Scientific classification
- Kingdom: Animalia
- Phylum: Chordata
- Class: Amphibia
- Order: Anura
- Family: Hylidae
- Genus: Hyloscirtus
- Species: H. elbakyanae
- Binomial name: Hyloscirtus elbakyanae Varela-Jaramillo, Streicher, Venegas & Ron

= Hyloscirtus elbakyanae =

- Genus: Hyloscirtus
- Species: elbakyanae
- Authority: Varela-Jaramillo, Streicher, Venegas & Ron

Species of frog

Hyloscirtus elbakyanae is a species of frog in the family Hylidae. The species is native to the rainforests of Ecuador. It was named after Alexandra Elbakyan in 2025.

==Taxonomy==
Hyloscirtus elbakyanae was first described in 2025, alongside Hyloscirtus dispersus and Hyloscirtus maycu.

The holotype is an adult male, which was collected in Ecuador's Morona-Santiago Province in 2012. It has been registered at elevations of 214-622 m.

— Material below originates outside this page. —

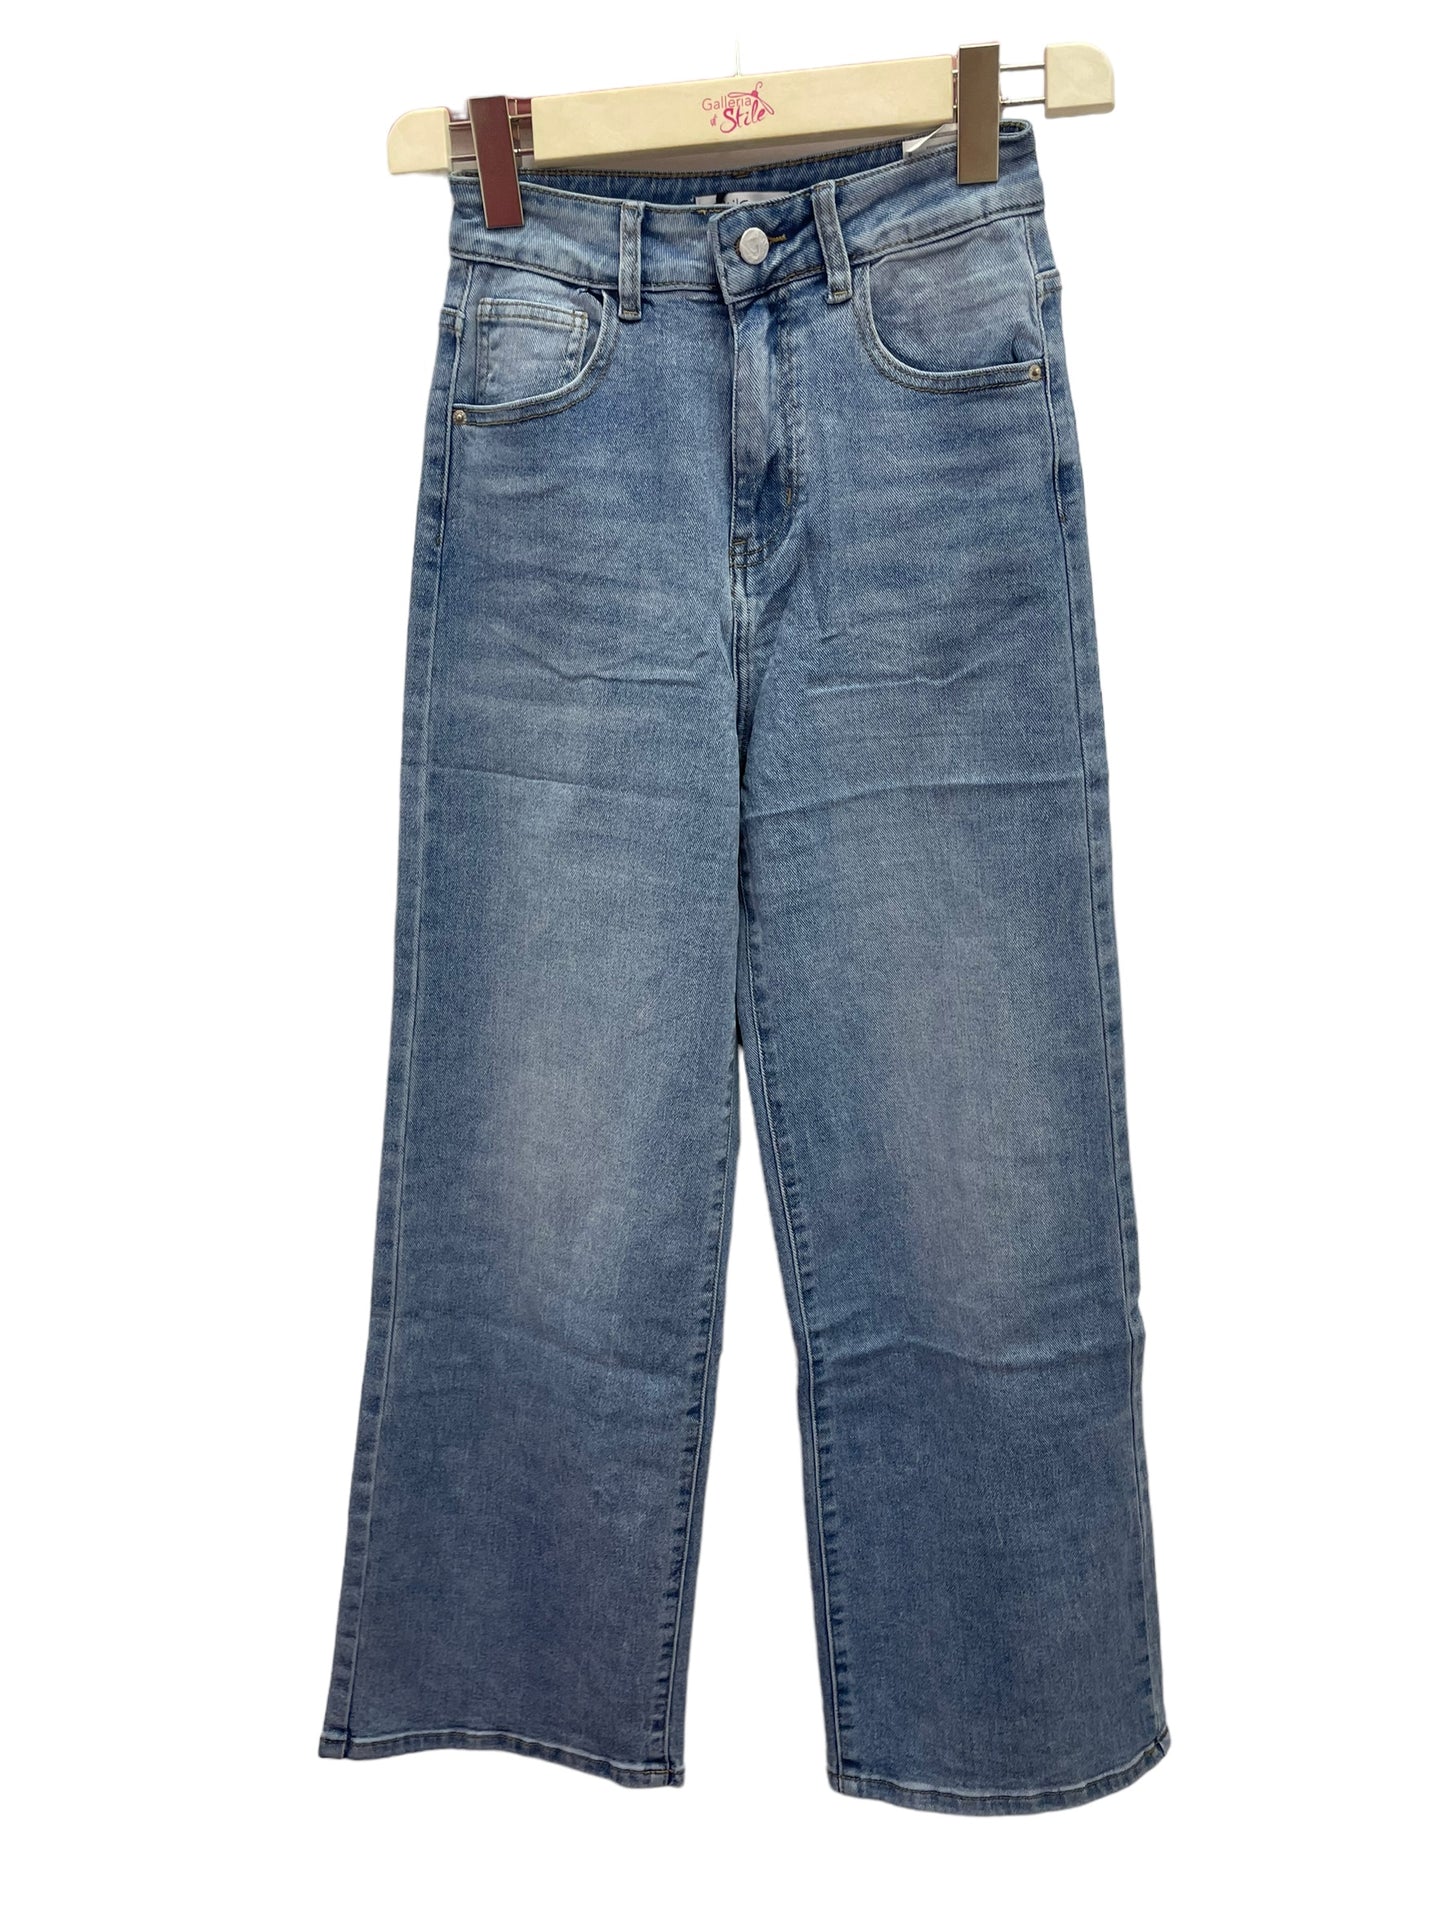 Jeans palazzo chiaro - abbigliamento - Stilosa

The species is known only from the male.

==Distribution==
Hyloscirtus elbakyanae is native to tropical hillside forests and eastern in the Ecuadorian region of the Amazon rainforest. It is found in 11 km2 of rainforest, though there may be undiscovered populations.

==Description==
Hyloscirtus elbakyanae has an average snout-to-vent length of 3.63 cm. Males of the species are larger than the males of Hyloscirtus albopunctulatus and Hyloscirtus maycu.

H. elbakyanae is olive, brownish, or greyish green, and may have white flecks and black spots. The underside, armpits, and groin are silver or brown in colour. The tympanum is round and inconspicuous. The species has conspicuous subarticular tubercles on its hands and feet.

The advertisement call is a single note, repeated in a series of 4-13 calls. The species is nocturnal.

==Etymology==
Hyloscirtus elbakyanae is named after the computer programmer Alexandra Elbakyan. The researchers noted that her website, Sci-Hub, helped them access relevant literature.

"Elbakyan stream frog" has been proposed as a common name for the species.